## [Supplied material]
---

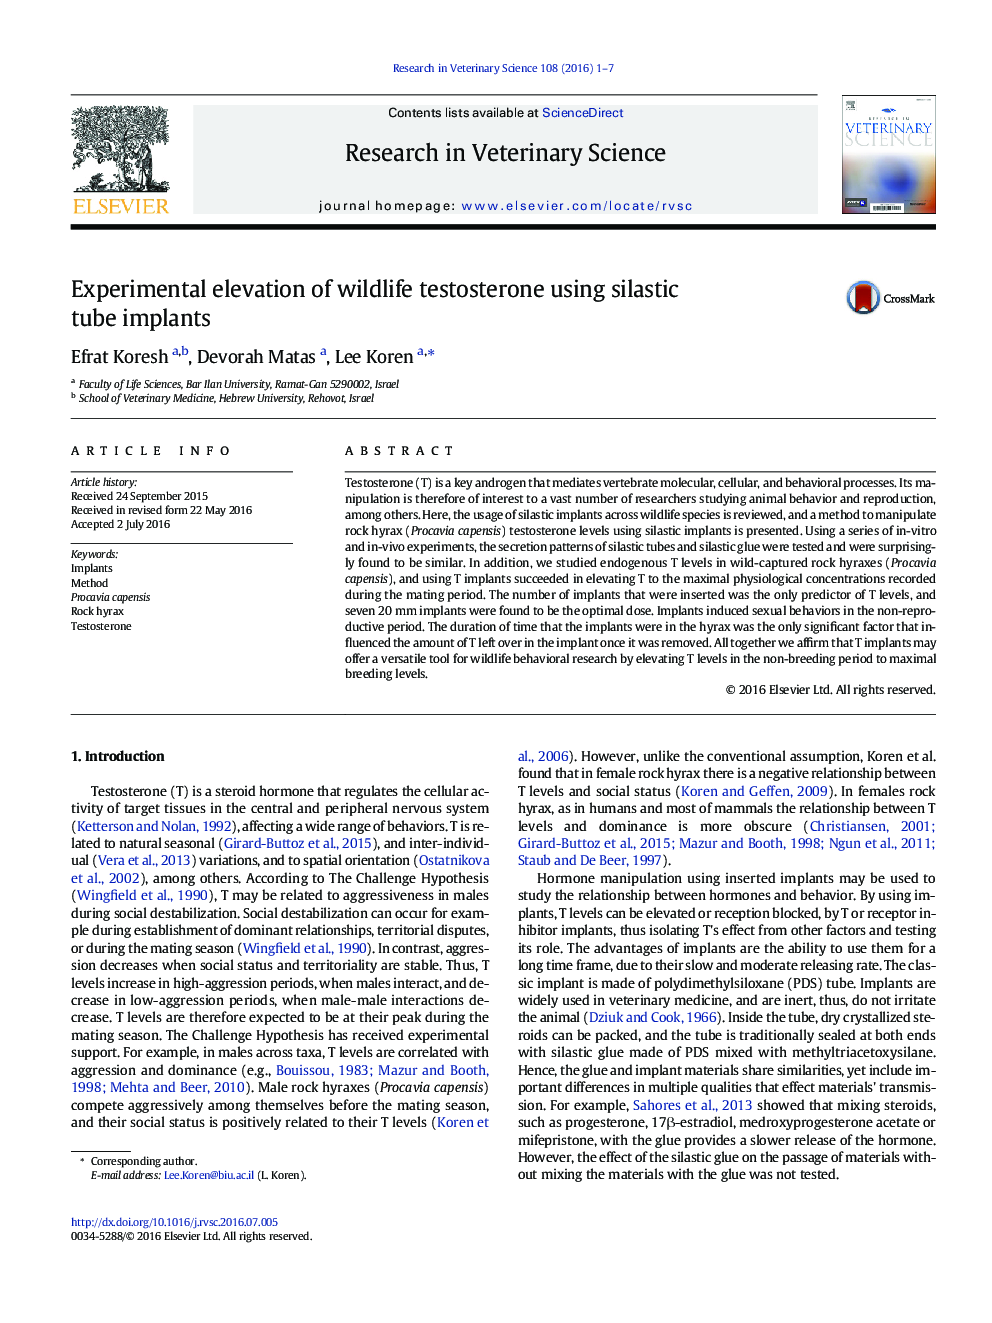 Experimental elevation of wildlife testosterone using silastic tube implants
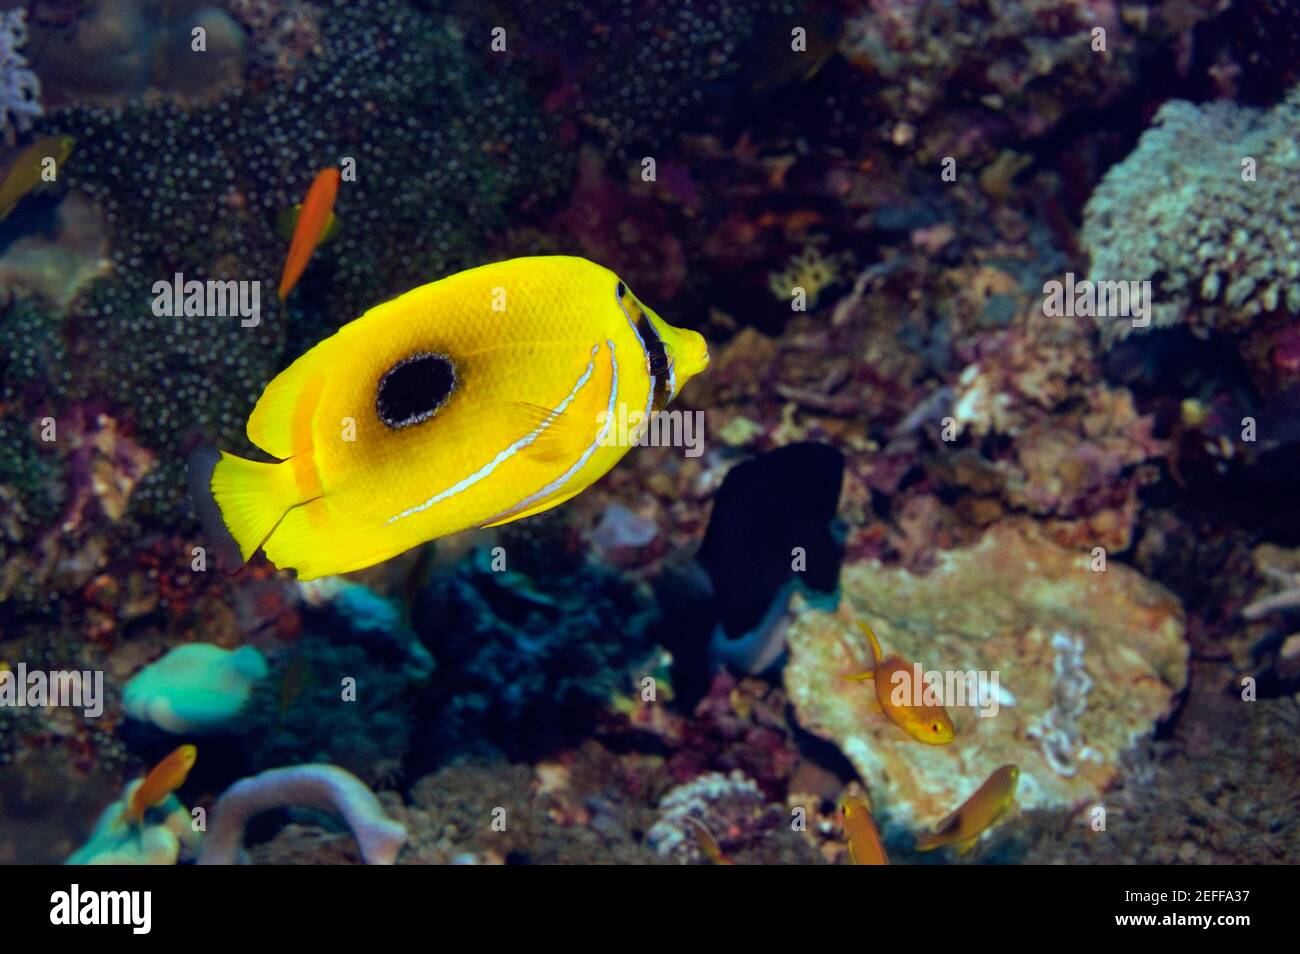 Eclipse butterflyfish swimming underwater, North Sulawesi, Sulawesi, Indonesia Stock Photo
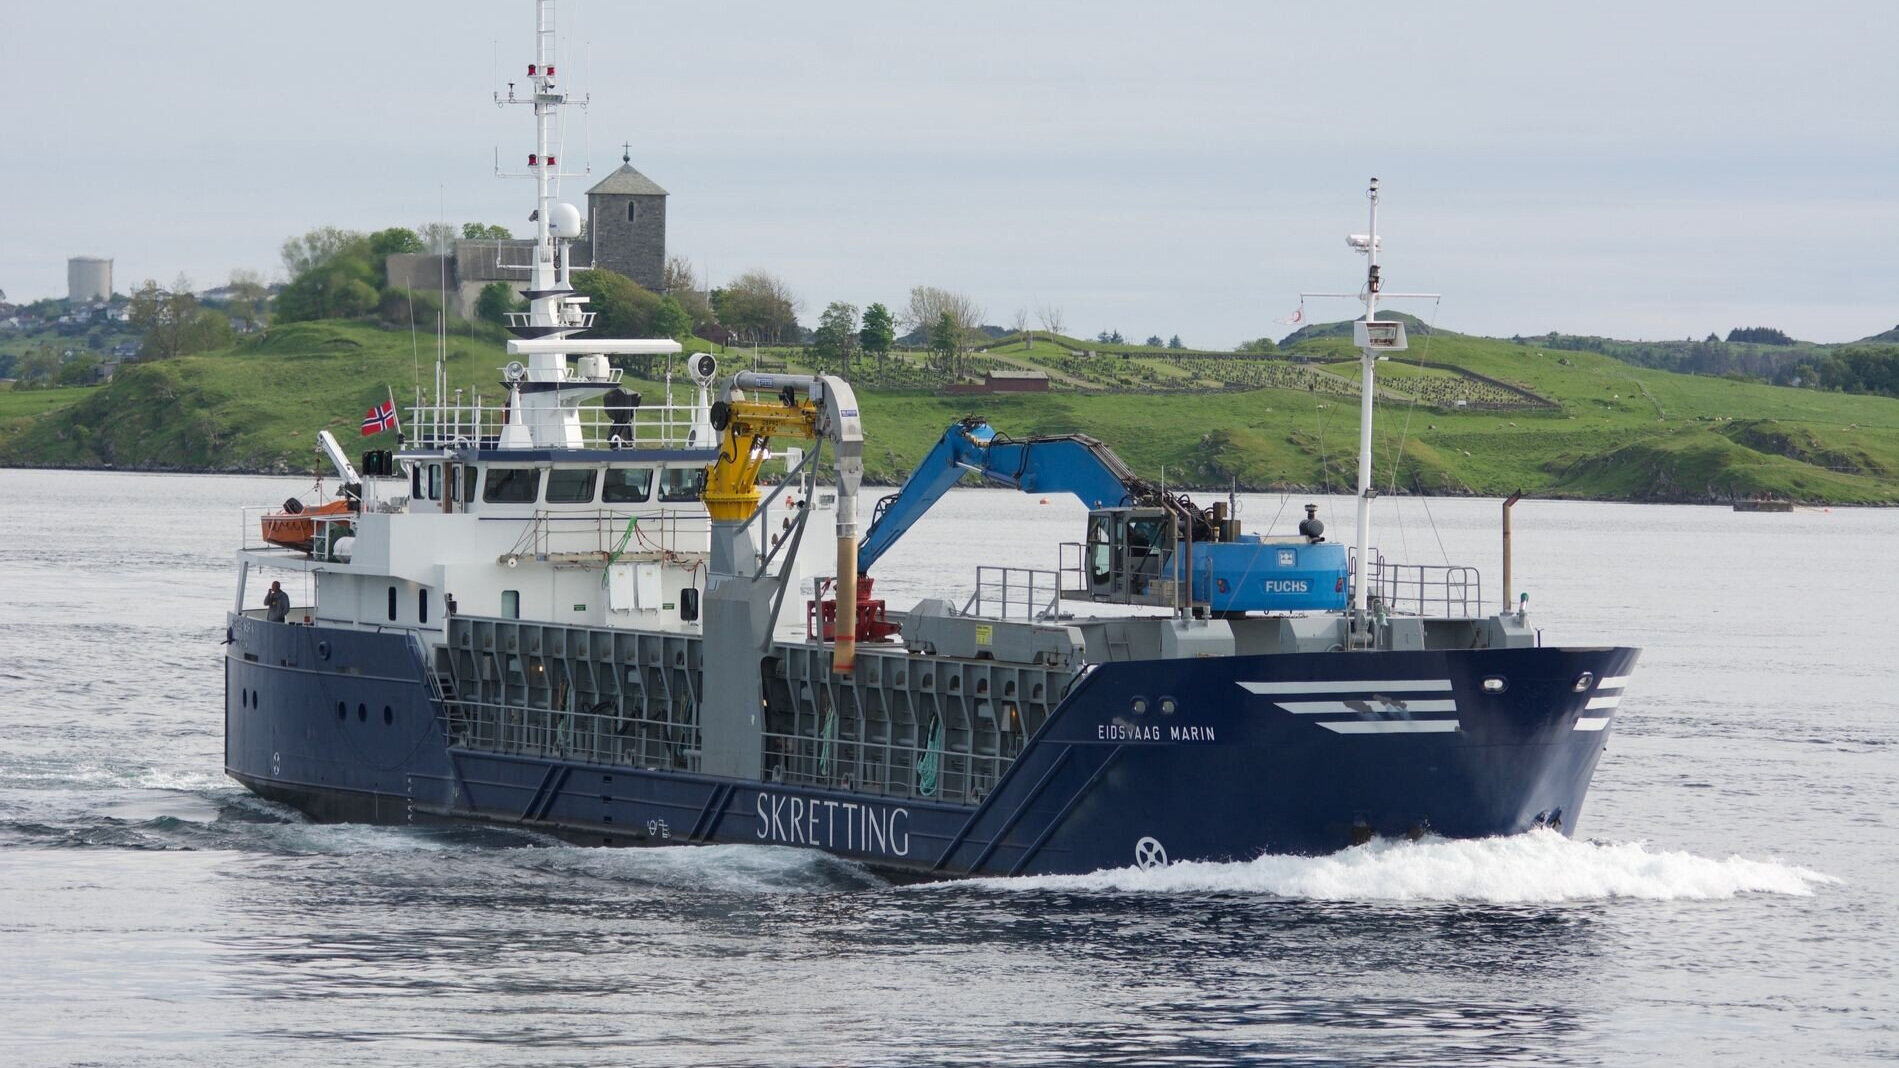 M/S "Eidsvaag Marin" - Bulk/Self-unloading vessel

---

## [What you will do]
Would you print all of the material exactly as written, minus the pictures?

## [Result below]
 Experimental elevation of wildlife testosterone using silastic tube implants
 Eclipse butterflyfish swimming underwater, North Sulawesi, Sulawesi, Indonesia Stock Photo
 M/S "Eidsvaag Marin" - Bulk/Self-unloading vessel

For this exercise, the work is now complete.